## Problem statement
Below are some records; quote exactly the lines from the one that contains "a19d613963b ... new" through the one that contains "Graham Cracker Green Tea", inclusive, and no others.

## Supplied data

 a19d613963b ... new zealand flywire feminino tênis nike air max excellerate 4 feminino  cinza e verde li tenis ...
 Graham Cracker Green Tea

* * *

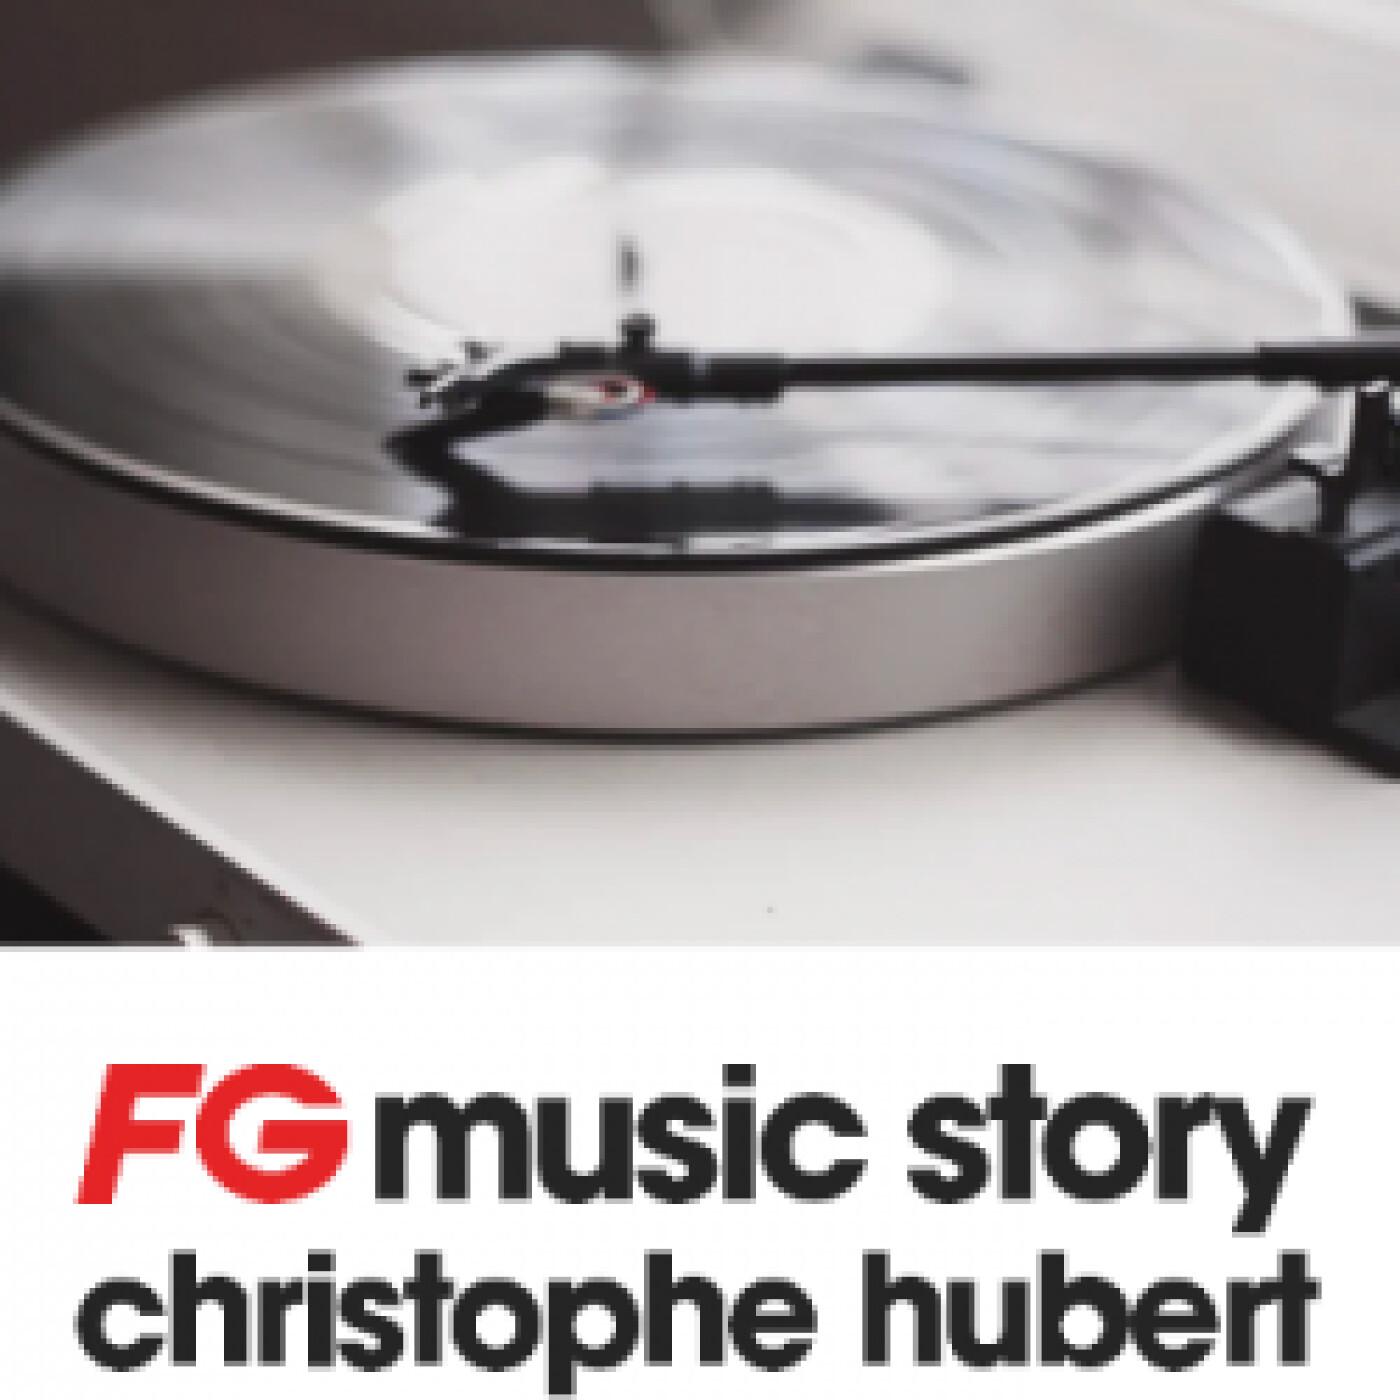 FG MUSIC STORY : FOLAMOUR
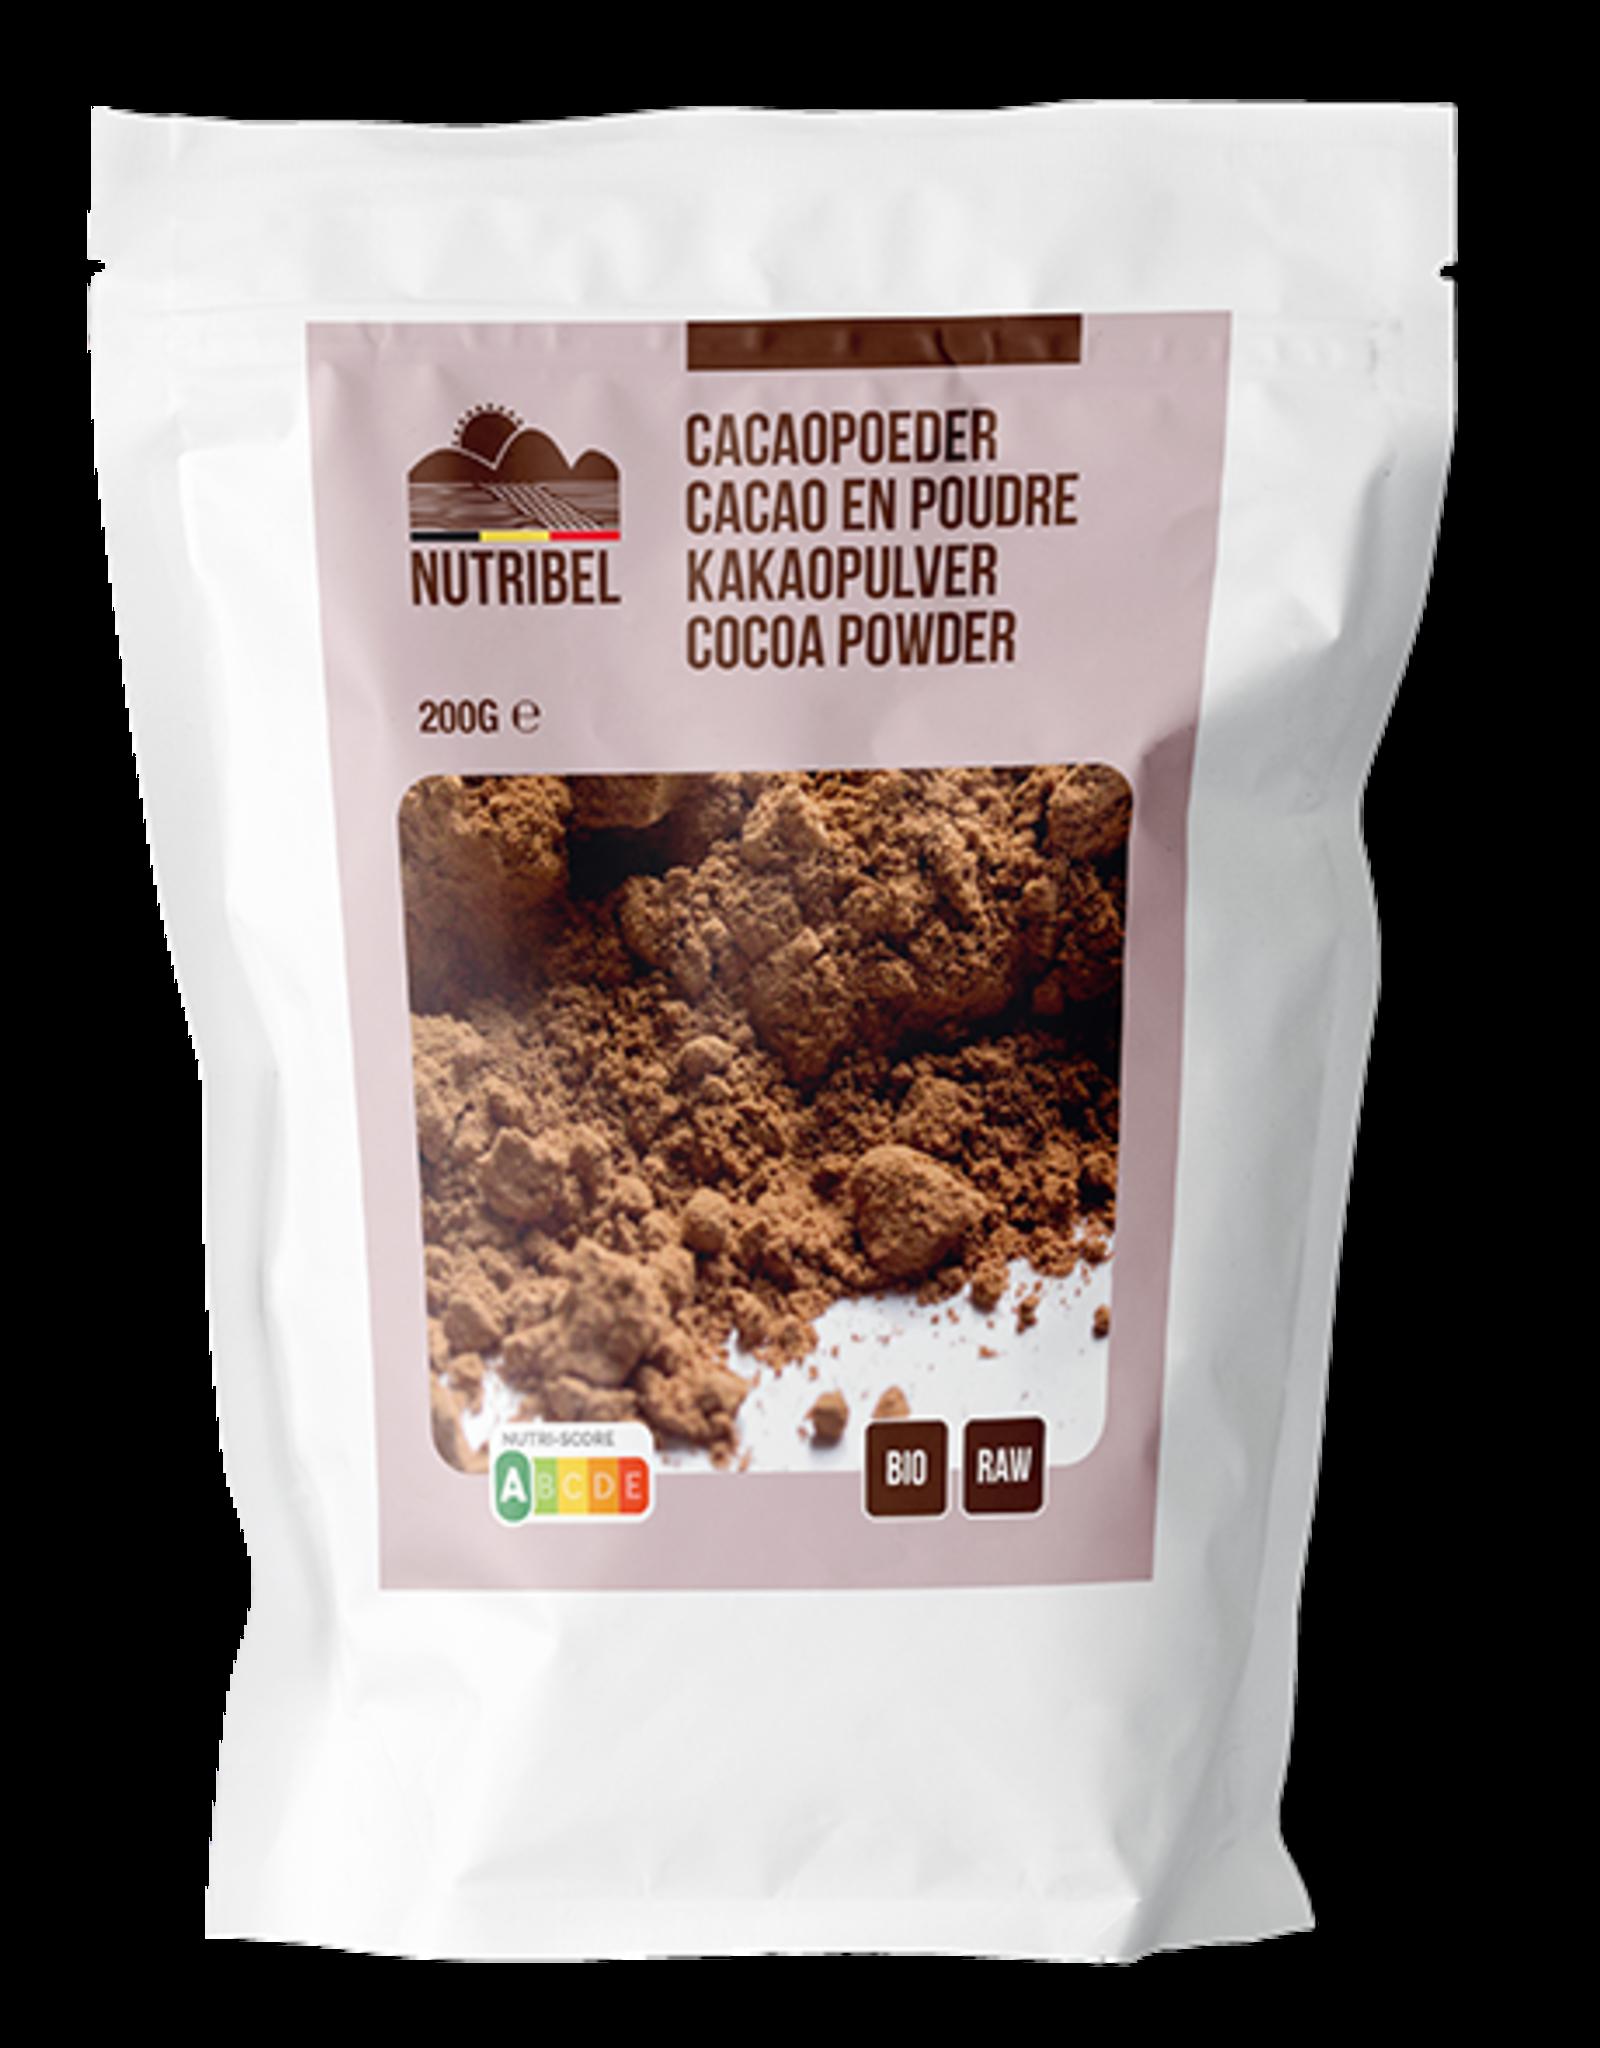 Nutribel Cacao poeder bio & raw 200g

## Result below
 a19d613963b ... new zealand flywire feminino tênis nike air max excellerate 4 feminino  cinza e verde li tenis ...
 Graham Cracker Green Tea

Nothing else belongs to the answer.